━━ Data for review

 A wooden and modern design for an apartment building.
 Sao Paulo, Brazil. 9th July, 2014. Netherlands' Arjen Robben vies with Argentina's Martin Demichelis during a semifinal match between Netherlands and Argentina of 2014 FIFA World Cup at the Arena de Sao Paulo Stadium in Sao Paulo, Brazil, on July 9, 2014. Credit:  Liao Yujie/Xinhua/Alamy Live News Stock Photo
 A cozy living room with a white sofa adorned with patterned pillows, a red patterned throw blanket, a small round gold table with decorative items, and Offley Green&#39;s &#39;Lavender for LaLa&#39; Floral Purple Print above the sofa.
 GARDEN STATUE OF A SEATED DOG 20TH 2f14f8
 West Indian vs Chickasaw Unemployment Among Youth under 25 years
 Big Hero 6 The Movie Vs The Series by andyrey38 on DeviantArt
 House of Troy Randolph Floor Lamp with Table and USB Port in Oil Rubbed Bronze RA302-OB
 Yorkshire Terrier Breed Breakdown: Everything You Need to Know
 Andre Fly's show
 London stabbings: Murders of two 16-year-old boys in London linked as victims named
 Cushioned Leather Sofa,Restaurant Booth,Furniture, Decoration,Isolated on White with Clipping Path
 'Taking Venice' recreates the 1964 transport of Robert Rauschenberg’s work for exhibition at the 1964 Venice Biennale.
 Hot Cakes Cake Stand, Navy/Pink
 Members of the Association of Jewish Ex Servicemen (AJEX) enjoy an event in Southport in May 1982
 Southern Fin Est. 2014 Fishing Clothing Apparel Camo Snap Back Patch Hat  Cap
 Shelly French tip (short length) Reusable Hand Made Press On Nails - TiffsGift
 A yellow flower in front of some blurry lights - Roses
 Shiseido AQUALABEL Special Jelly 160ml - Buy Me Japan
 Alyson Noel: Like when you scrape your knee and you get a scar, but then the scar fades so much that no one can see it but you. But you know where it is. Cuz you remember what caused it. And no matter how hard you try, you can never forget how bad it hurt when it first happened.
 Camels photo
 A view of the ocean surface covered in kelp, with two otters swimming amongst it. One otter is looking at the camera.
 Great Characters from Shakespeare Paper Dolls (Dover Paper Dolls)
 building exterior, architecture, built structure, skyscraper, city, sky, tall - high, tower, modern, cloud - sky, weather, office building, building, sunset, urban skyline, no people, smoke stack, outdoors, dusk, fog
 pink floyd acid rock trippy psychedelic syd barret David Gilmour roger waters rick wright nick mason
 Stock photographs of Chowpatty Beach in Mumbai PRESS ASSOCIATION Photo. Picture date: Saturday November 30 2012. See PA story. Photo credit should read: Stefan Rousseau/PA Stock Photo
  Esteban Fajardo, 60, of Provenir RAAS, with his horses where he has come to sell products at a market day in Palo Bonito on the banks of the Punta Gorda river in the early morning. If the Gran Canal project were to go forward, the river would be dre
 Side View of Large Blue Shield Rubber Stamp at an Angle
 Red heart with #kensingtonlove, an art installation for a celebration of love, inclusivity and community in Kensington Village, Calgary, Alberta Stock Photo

━━━━

Copy the lines above exactly, beginning at the line that has "Southern Fin Est." and stopping after the line that has "Stock photographs of", and omit the rest.

 Southern Fin Est. 2014 Fishing Clothing Apparel Camo Snap Back Patch Hat  Cap
 Shelly French tip (short length) Reusable Hand Made Press On Nails - TiffsGift
 A yellow flower in front of some blurry lights - Roses
 Shiseido AQUALABEL Special Jelly 160ml - Buy Me Japan
 Alyson Noel: Like when you scrape your knee and you get a scar, but then the scar fades so much that no one can see it but you. But you know where it is. Cuz you remember what caused it. And no matter how hard you try, you can never forget how bad it hurt when it first happened.
 Camels photo
 A view of the ocean surface covered in kelp, with two otters swimming amongst it. One otter is looking at the camera.
 Great Characters from Shakespeare Paper Dolls (Dover Paper Dolls)
 building exterior, architecture, built structure, skyscraper, city, sky, tall - high, tower, modern, cloud - sky, weather, office building, building, sunset, urban skyline, no people, smoke stack, outdoors, dusk, fog
 pink floyd acid rock trippy psychedelic syd barret David Gilmour roger waters rick wright nick mason
 Stock photographs of Chowpatty Beach in Mumbai PRESS ASSOCIATION Photo. Picture date: Saturday November 30 2012. See PA story. Photo credit should read: Stefan Rousseau/PA Stock Photo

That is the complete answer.